A bit up and down, physically and mentally. My first physio appointment isn't until 5 April and I've been doing the limited movements suggested by the surgeon but not seeing much change. My wife thinks I'm hoping for progress too soon and she's always right.

I went to the shops with her yesterday and after just 10-15 minutes of being on my feet I had severe pain in an area between my left shoulder blade and my neck. It feels like someone has twisted a tendon around a pencil and is cranking it tigher and tighter until it's on the brink of snapping. I have to either sit on a sofa or lie on my right side for it to go away, which only takes a few minutes. So there I was lying on the bench outside Lidl while we waited for a taxi home. I can't figure out how this relates to my broken collarbone.

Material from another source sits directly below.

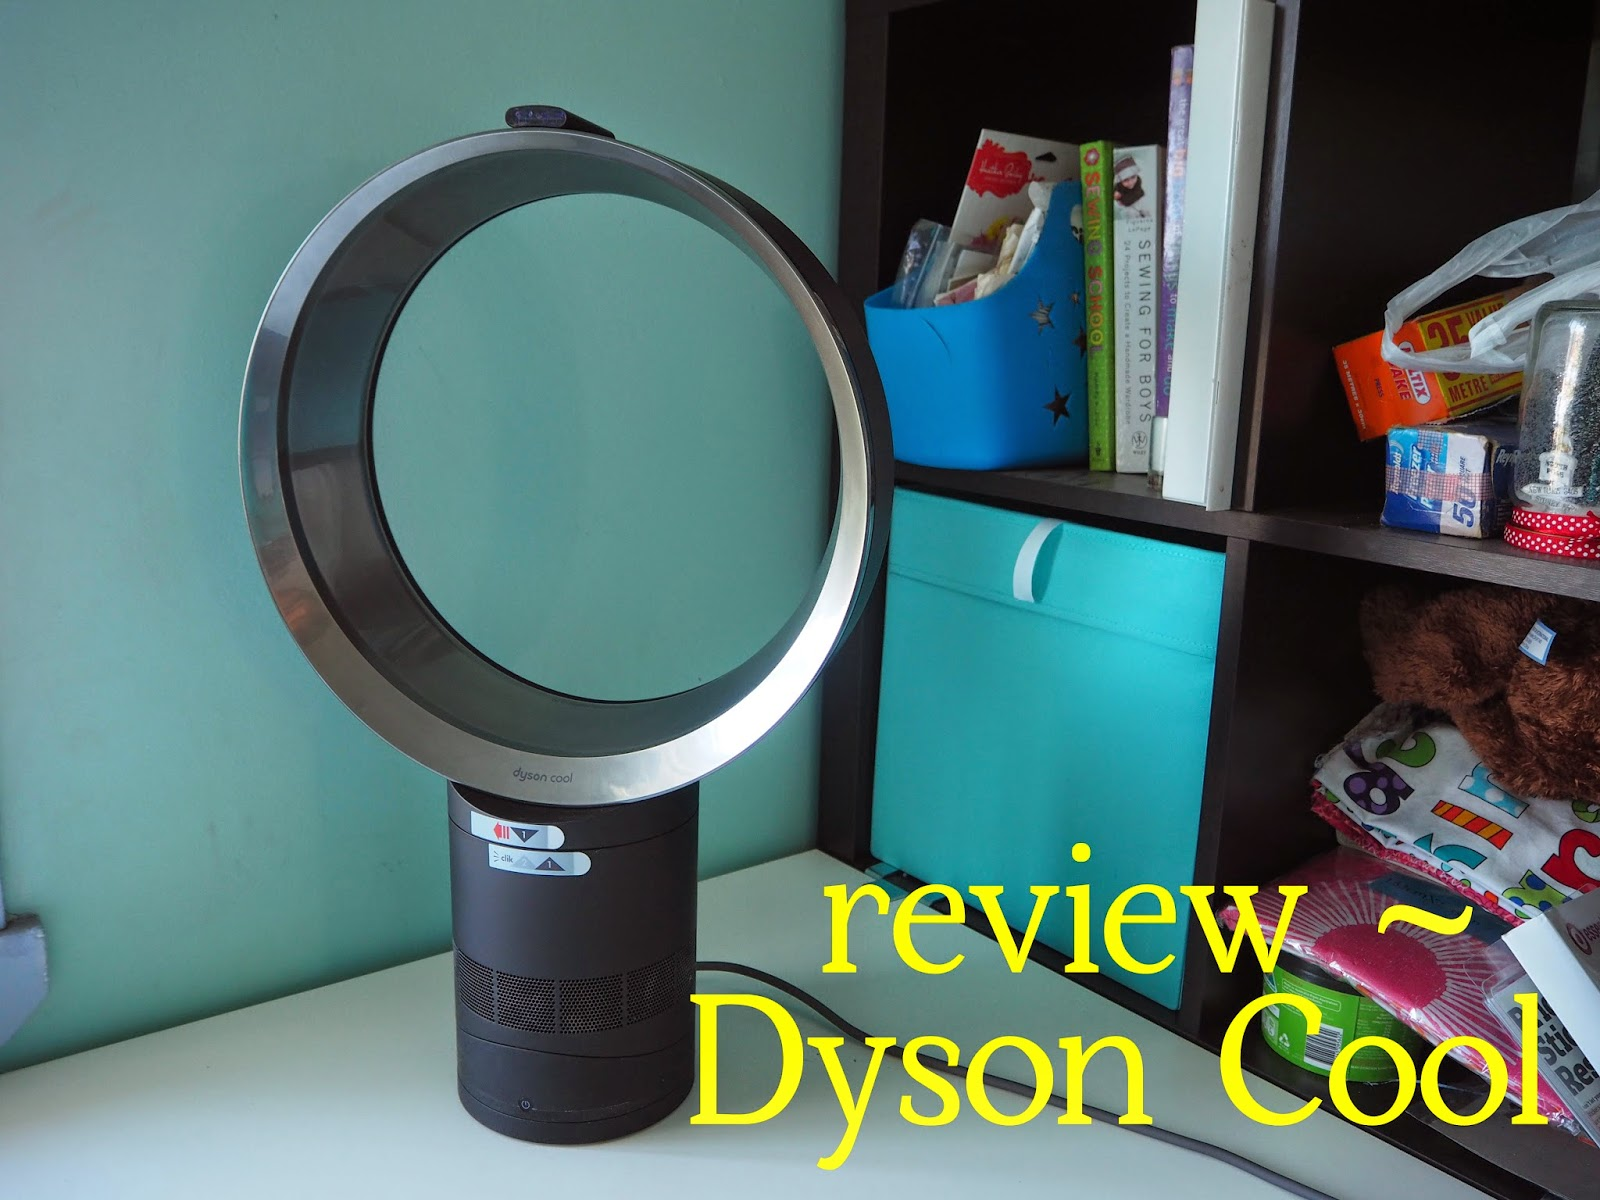 review dyson cool am06 desk fan life behind the purple door. Black Bedroom Furniture Sets. Home Design Ideas

Today I made a porage loaf that turned out really well, so that's cheered me right up. (I'll stick a photo in the bakers' thread soon.)


----------



## Globalti (25 Mar 2019)

You are probably doing what I did for the full three months of non-union; tensing those shoulder muscles and holding the shoulder high to alleviate pain, which is causing one of the complex muscles to go into spasm. Are you taking the painkillers correctly?


----------



## DCBassman (25 Mar 2019)

Dayvo said:


> There are two types of cyclist:
> 
> those who _have_ broken their collarbone, and those who _will_.


There's another subset that do stupid things to their main shoulder joint...
DAMHIKT.


----------



## glasgowcyclist (26 Mar 2019)

Globalti said:


> You are probably doing what I did for the full three months of non-union; tensing those shoulder muscles and holding the shoulder high to alleviate pain, which is causing one of the complex muscles to go into spasm. Are you taking the painkillers correctly?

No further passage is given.